Experiential. That’s the buzzword in business these days. And, for retail, that’s where brick-and-mortar really shines. Individual businesses call it customer service, destinations like shopping districts and malls build on that through events and, yes, their mix of merchants.
The street-level experience in Downtown Tempe is ever evolving and we are constantly looking for ways to support the entrepreneurs that want to call this place home. It’s these businesses that make our downtown unique, and we are proud that more than 70% are locally owned. Without diverse merchants at the street level, we wouldn’t be the funky, eclectic urban center that we are.
All downtowns also rely on their business owners to be partners in the growth of the downtown. These people are our neighbors and they are committed to the place. Local businesses also bring jobs to our downtown that support the larger economy. As we continue the recovery, it’s imperative that these businesses are supported and continue to thrive. They create our character and they are worth celebrating!
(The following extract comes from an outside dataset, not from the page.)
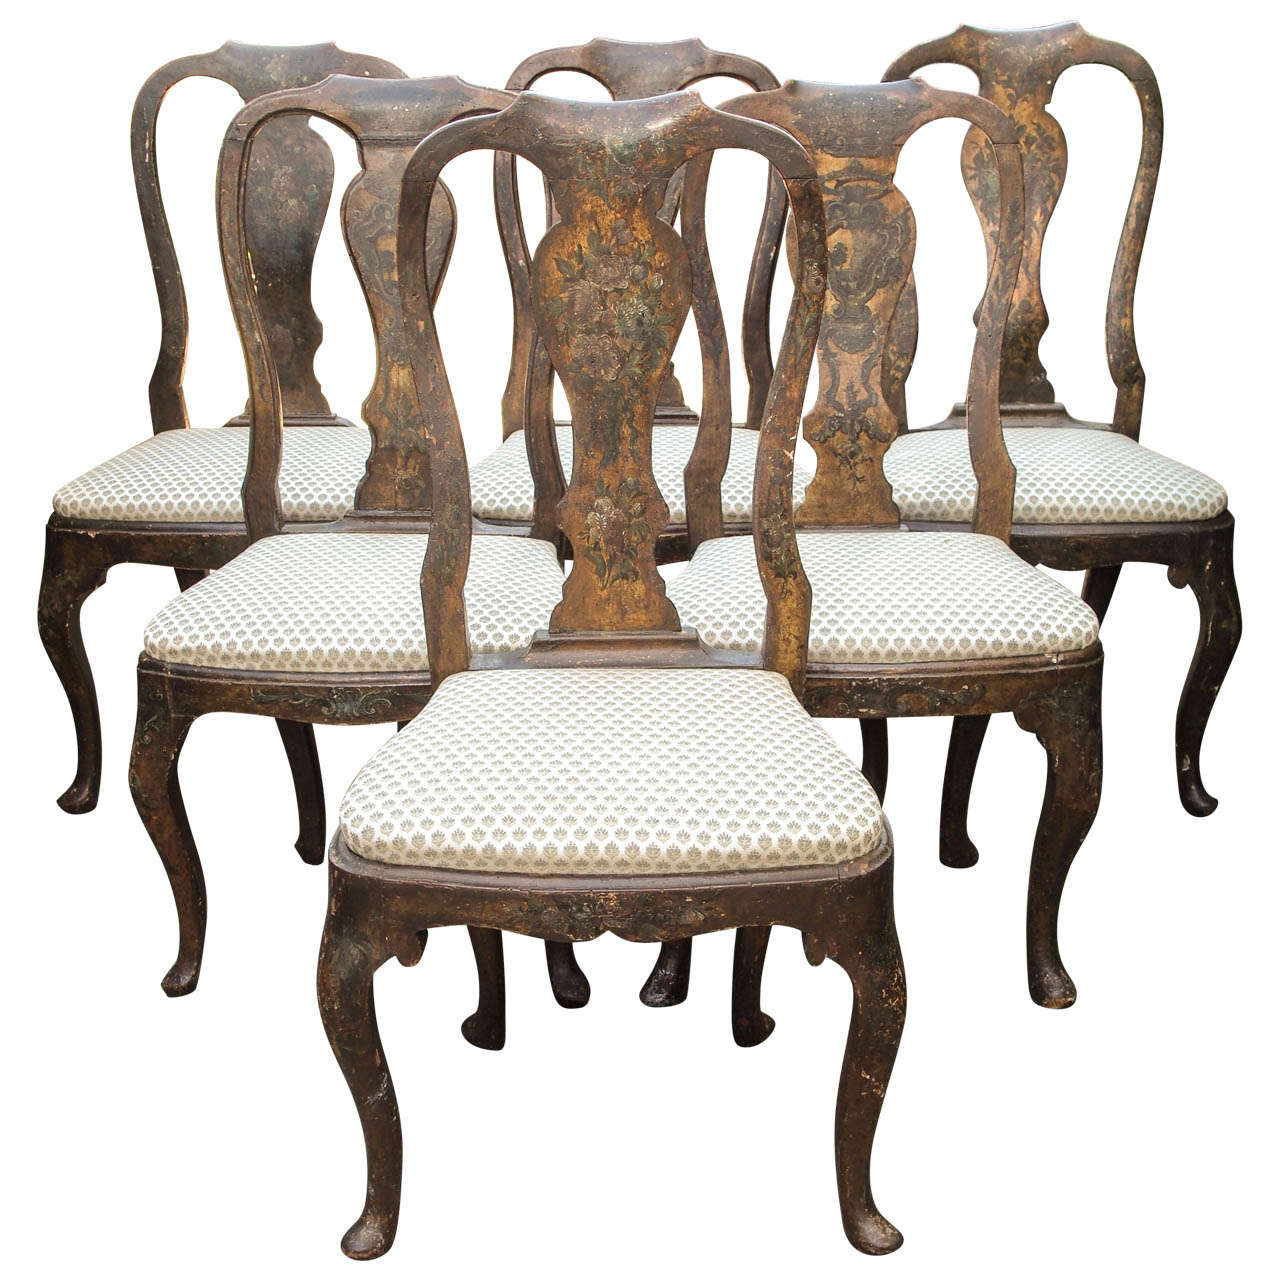 Set of Six 18th Century Hand-Painted Italian, Lucca  Vase Splat-Back Chairs

“Retail on Top” is this month’s cover story. The feature is a shopping trip to look at “Why Brick-and-Mortar Businesses Are Booming.” In Business Magazine editor RaeAnne Marsh explores the experiences of mom-and-pop establishments with a single location, businesses whose clientele support them at multiple locations and those with growth strategies to expand far beyond our local borders. She also takes a look at some of our Valley’s special shopping destinations — and sets the whole story off with an in-depth look at the evolution of the shopping mall here in Greater Phoenix.
Another feature this month addresses a couple of the “quiet” things going on with employee treatment. Side-by-side articles deal with the issues of companies not promoting otherwise-deserving employees out of fear the company couldn’t find a replacement and companies piling on job responsibilities without acknowledging the “promotion” officially through salary or title adjustments: “Advancing Positions: Avoid Promotion-Avoidance Strategies” and “Advancing Positions: Dangers of ‘Quiet Promotion.’”
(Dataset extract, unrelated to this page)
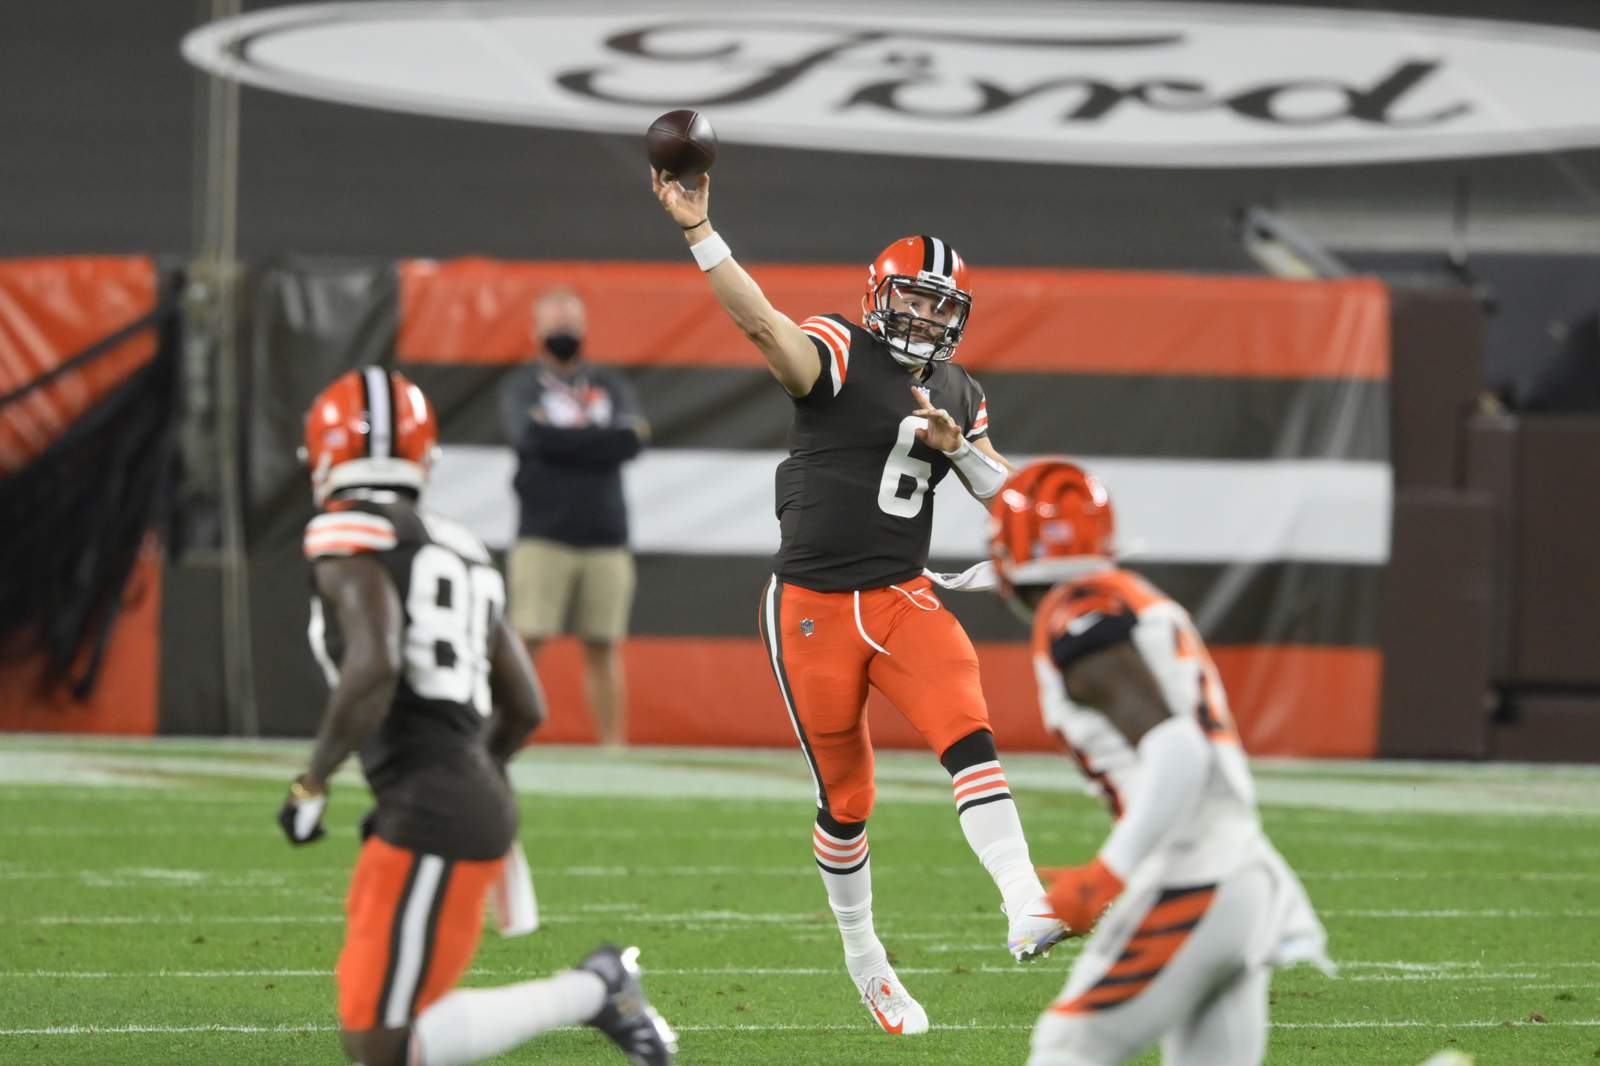 Mayfield throws 2 TD passes, Browns hold off Burrow, Bengals

Important legal changes are (or may be) coming that will affect business. In this month’s Legal feature, attorney Erin Dunlap discusses what businesses need to know about the proposed American Data Privacy and Protection Act and suggests now is a good time for businesses to review and potentially make changes in their privacy policies. And in the “Roundtable” feature, attorney Helen Holden wants to make businesses aware of an issue that’s gaining traction as a political item: a nationwide ban on noncompete agreements.
Other relevant and important information that impacts our business community fill the pages this month on our economy, startups, healthcare, technology and more. I am pleased to be part of this February edition of In Business Magazine to share this content with you. I hope you enjoy the read.
President and CEO
Downtown Tempe Authority
Kate Borders assumed the leadership position of the downtown Tempe enhanced services district in 2014. She relocated to Tempe from Fresno, California, where she was president and CEO for the Downtown Fresno Partnership, a similarly structured business improvement district that is working to revitalize Downtown Fresno. Before joining the Downtown Fresno Partnership, Borders served as executive director of East Town Association in Milwaukee, Wisconsin. East Town is a membership-based organization that produces large-scale events in an effort to stimulate the local economy. Originally from South Carolina, Borders received her B.A. in music from The University of Arizona and a master’s degree in nonprofit arts management from Columbia College in Downtown Chicago.